▶ [Extracted information]
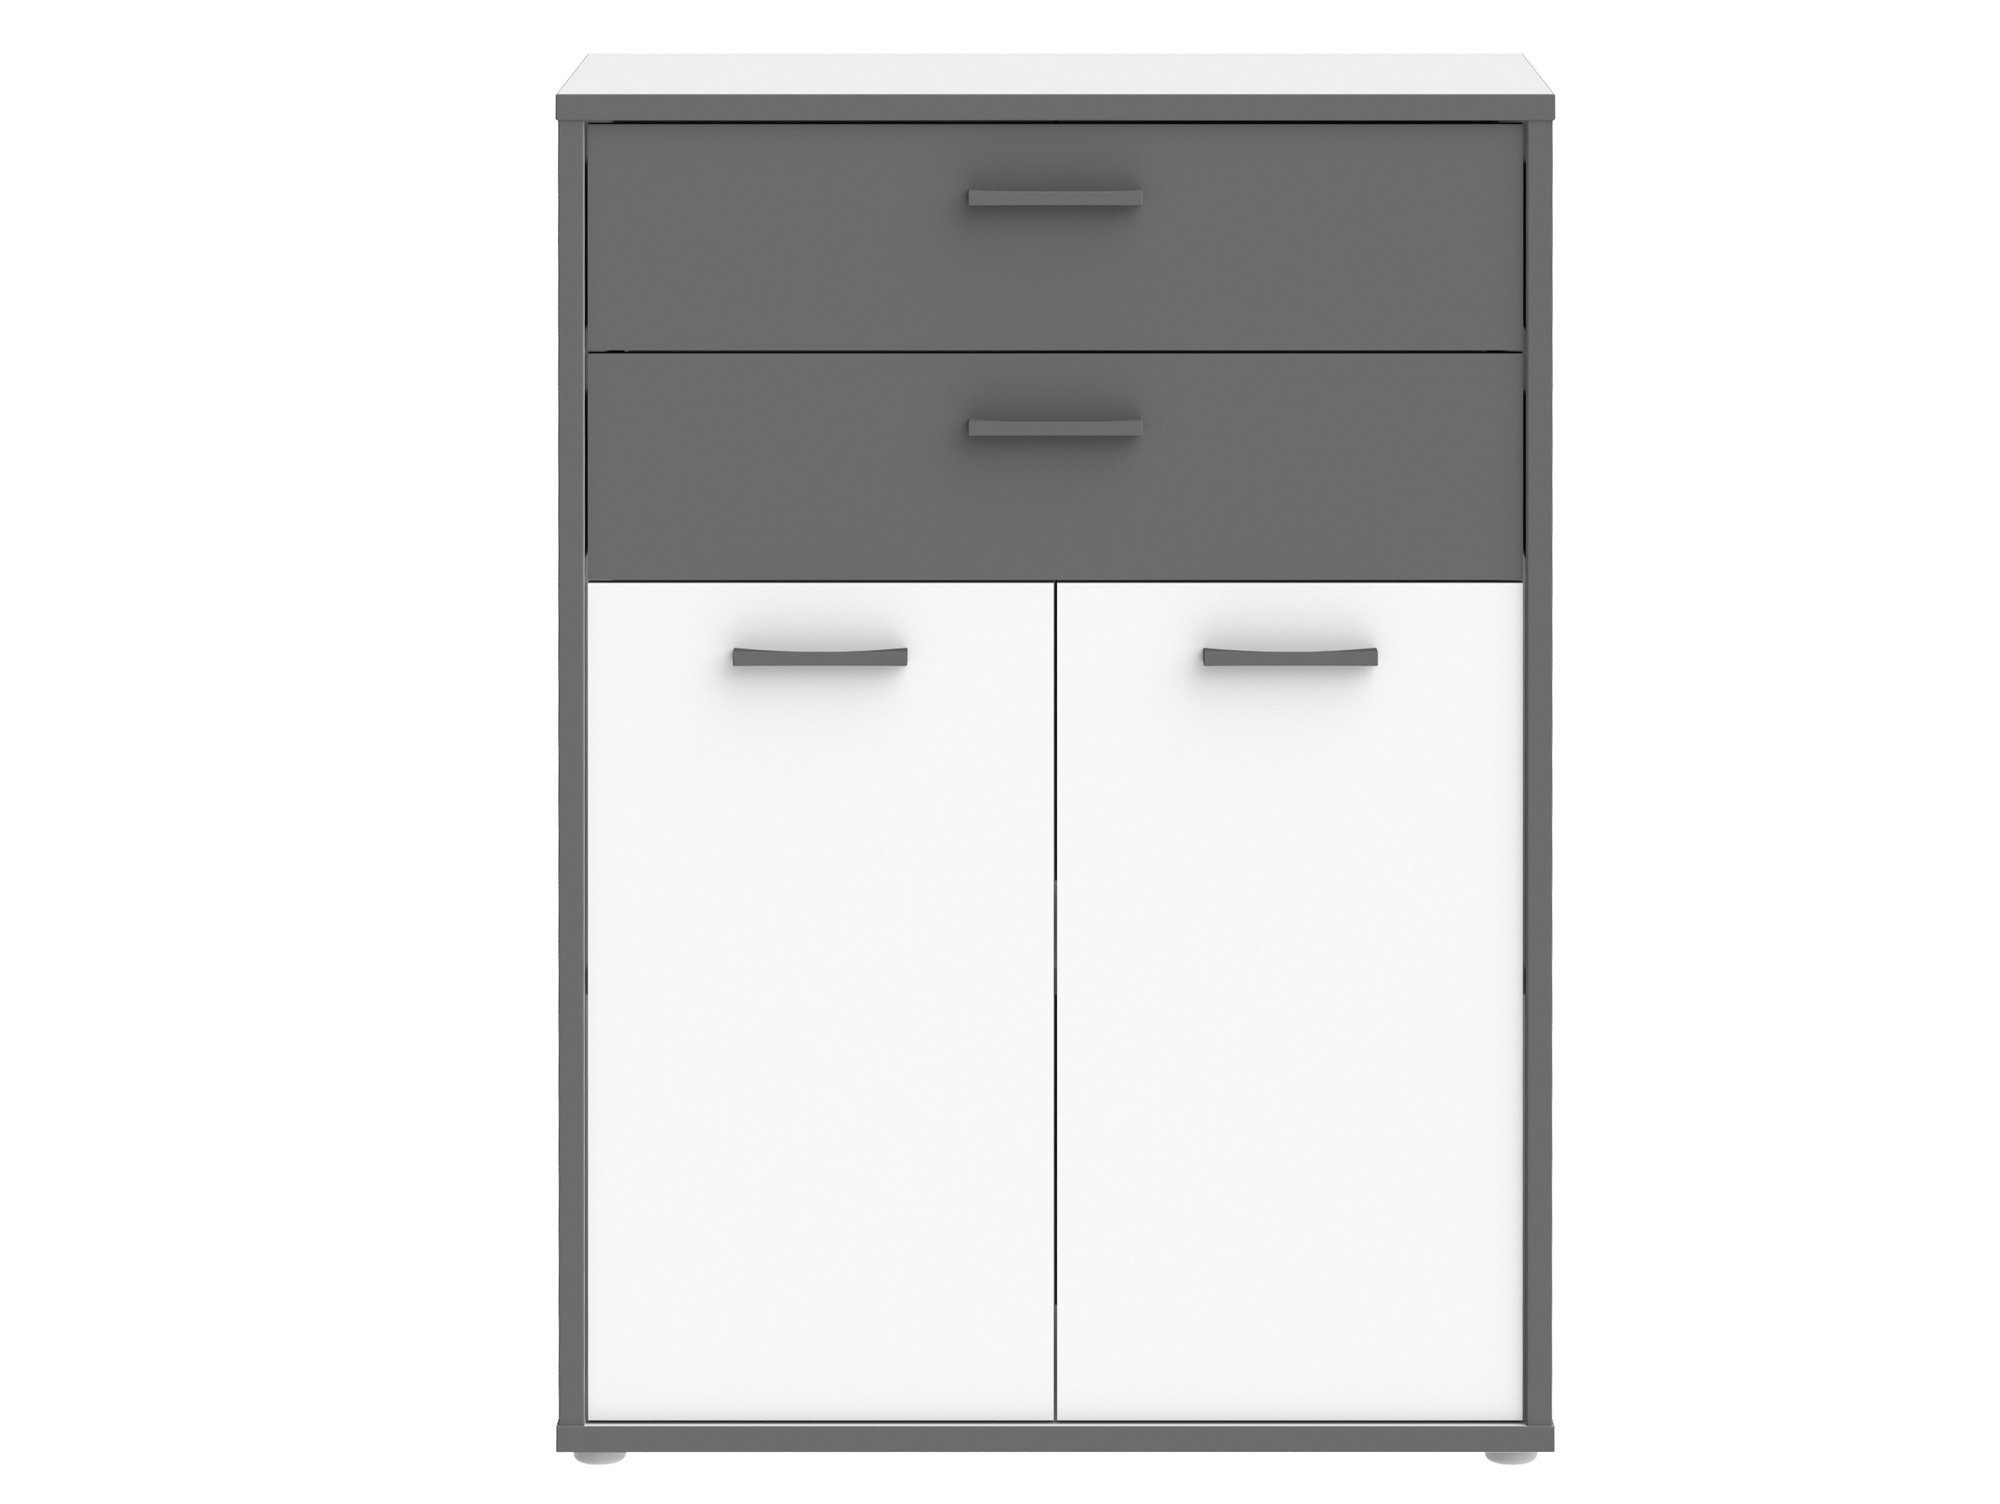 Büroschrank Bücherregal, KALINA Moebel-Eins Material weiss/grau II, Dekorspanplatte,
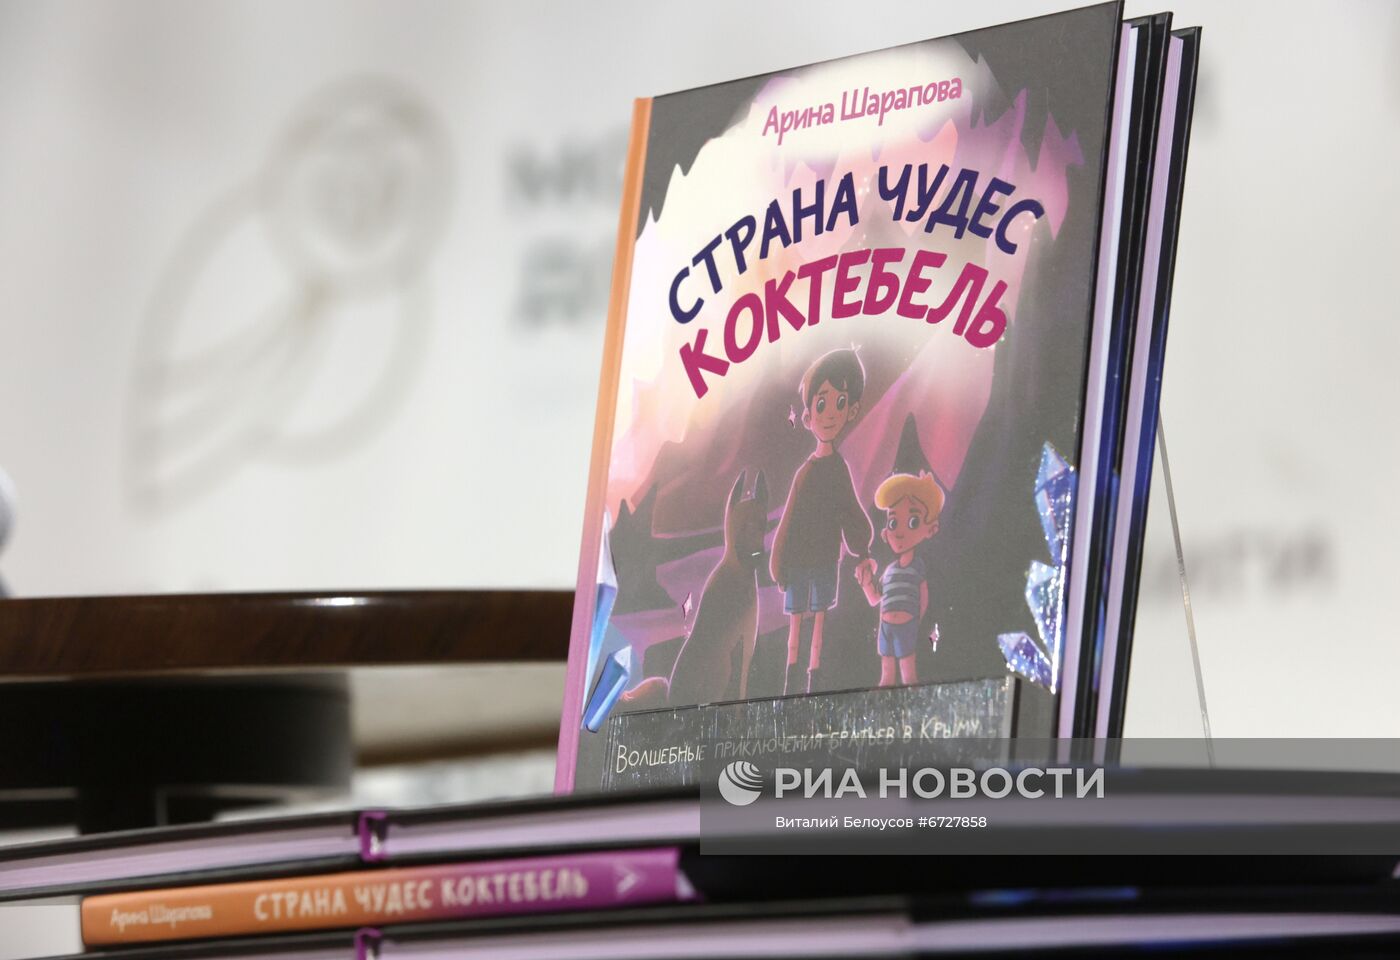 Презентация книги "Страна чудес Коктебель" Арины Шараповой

==

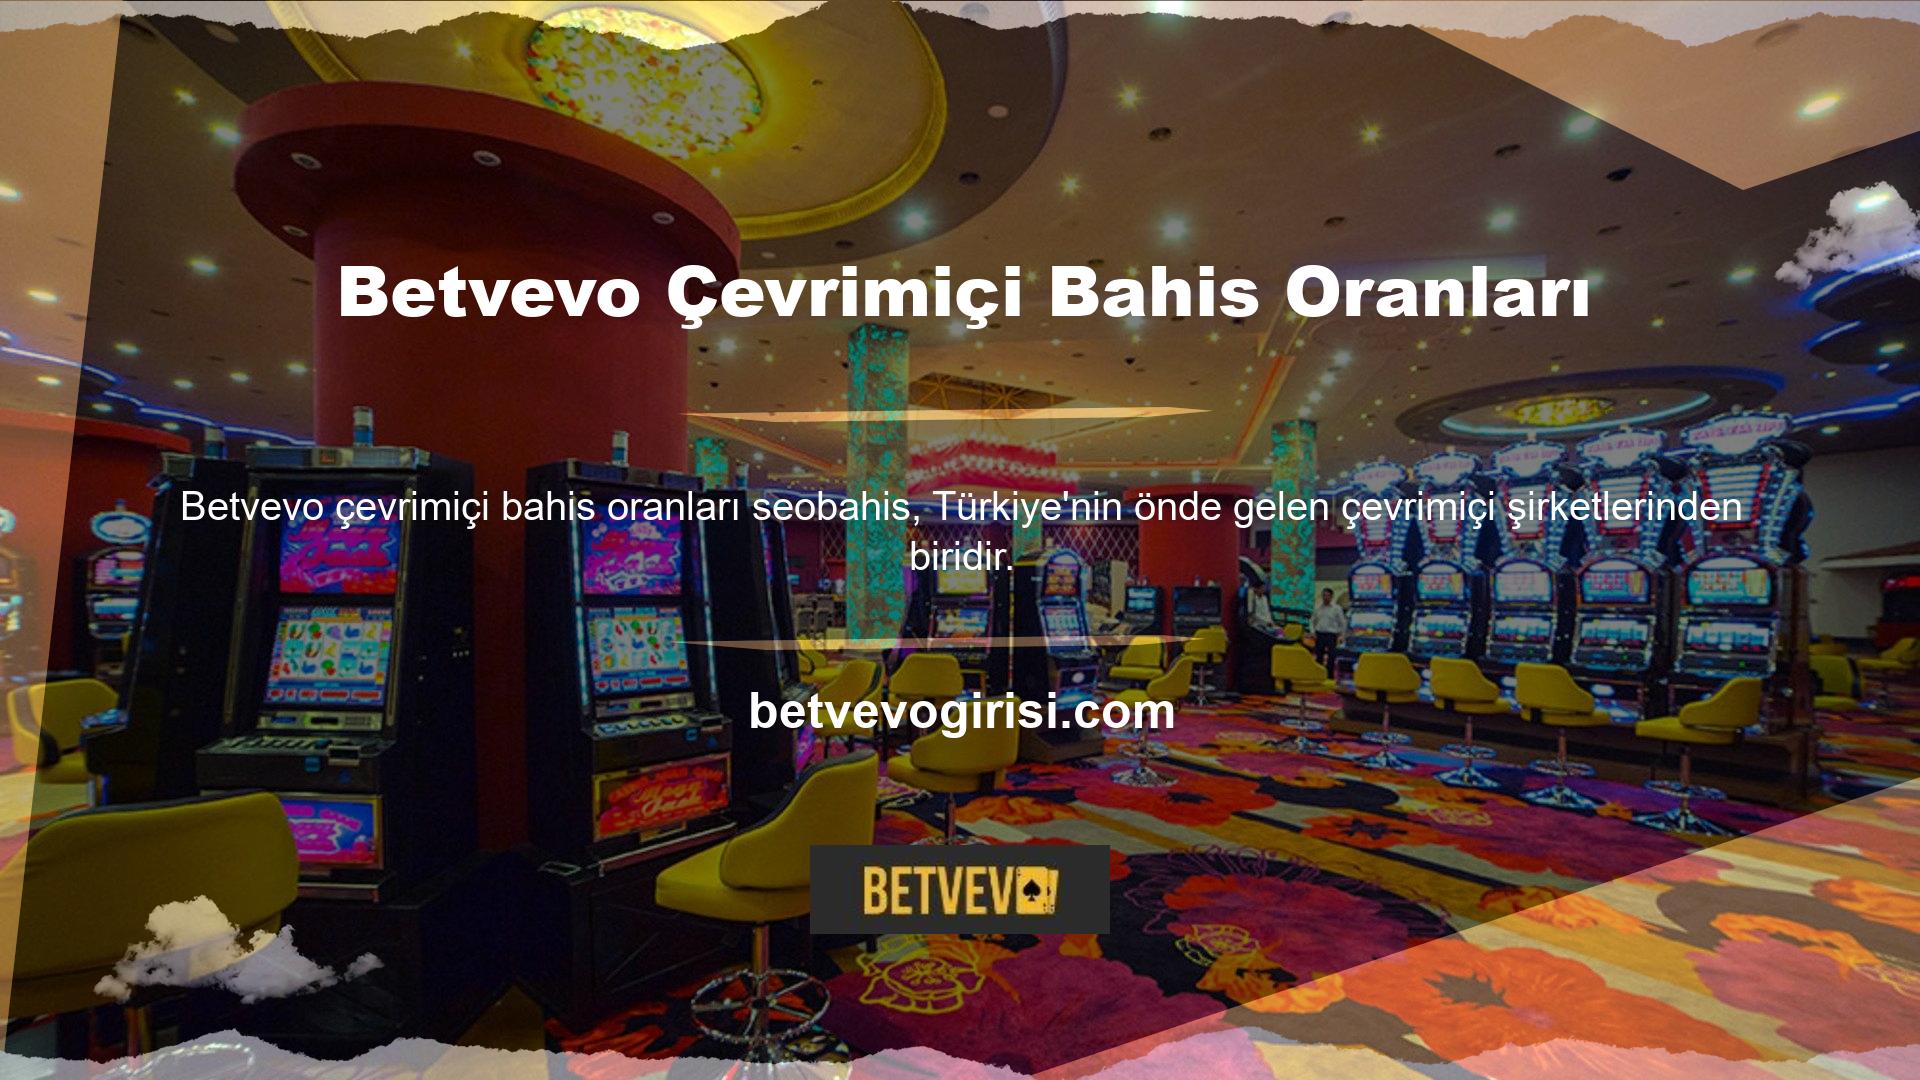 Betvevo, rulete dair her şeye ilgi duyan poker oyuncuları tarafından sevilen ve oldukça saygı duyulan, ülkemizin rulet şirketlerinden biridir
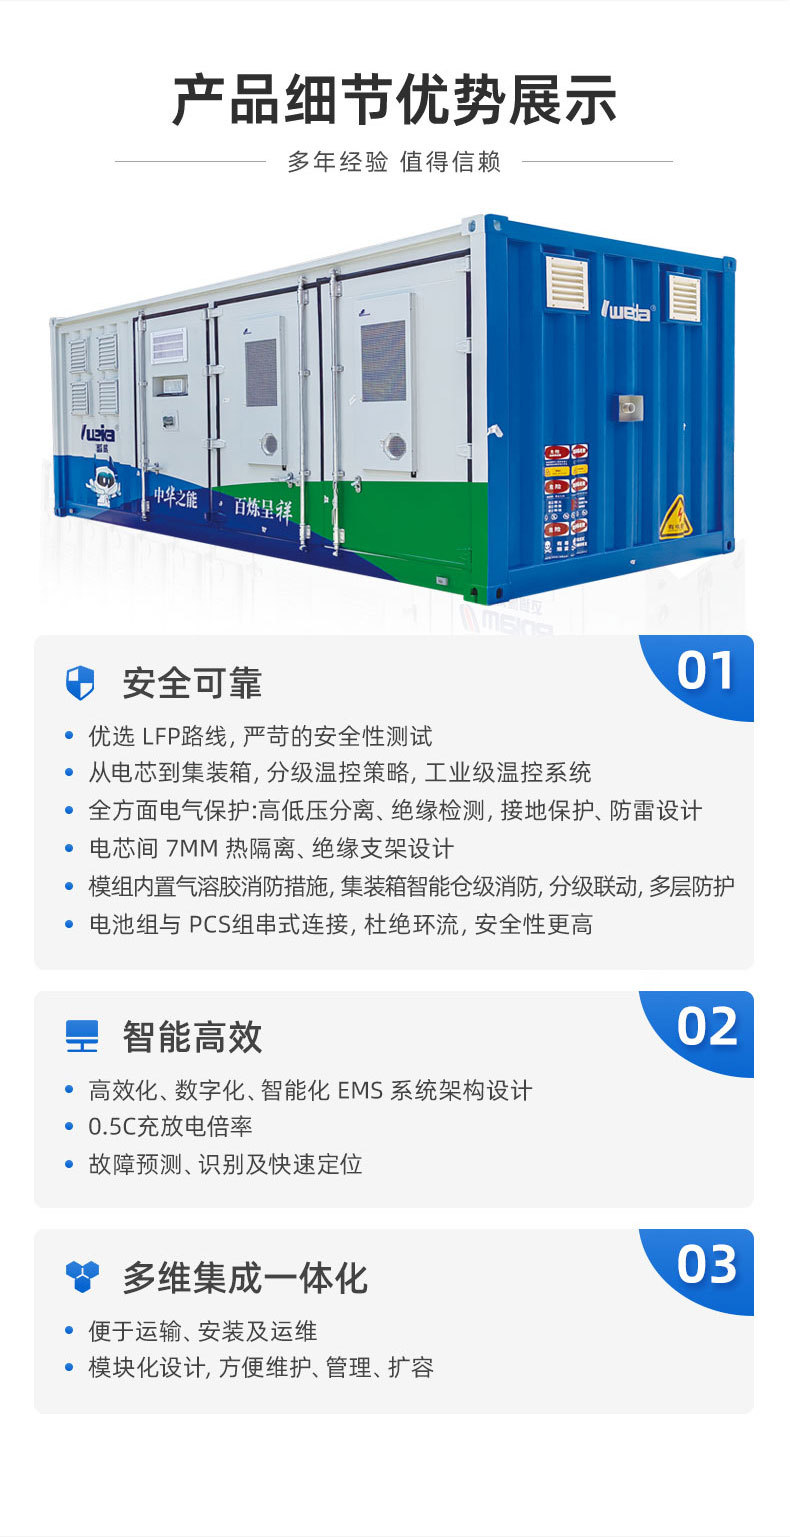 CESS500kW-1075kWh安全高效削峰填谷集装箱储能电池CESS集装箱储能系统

▶ [Description of the task] Please set down, exactly and with no pictures, the lines in the entries above starting at the one holding "Betvevo, rulete dair" and ending at the one holding "CESS500kW-1075", ends included.

▶ [Answer to this task]
 Betvevo, rulete dair her şeye ilgi duyan poker oyuncuları tarafından sevilen ve oldukça saygı duyulan, ülkemizin rulet şirketlerinden biridir
 CESS500kW-1075kWh安全高效削峰填谷集装箱储能电池CESS集装箱储能系统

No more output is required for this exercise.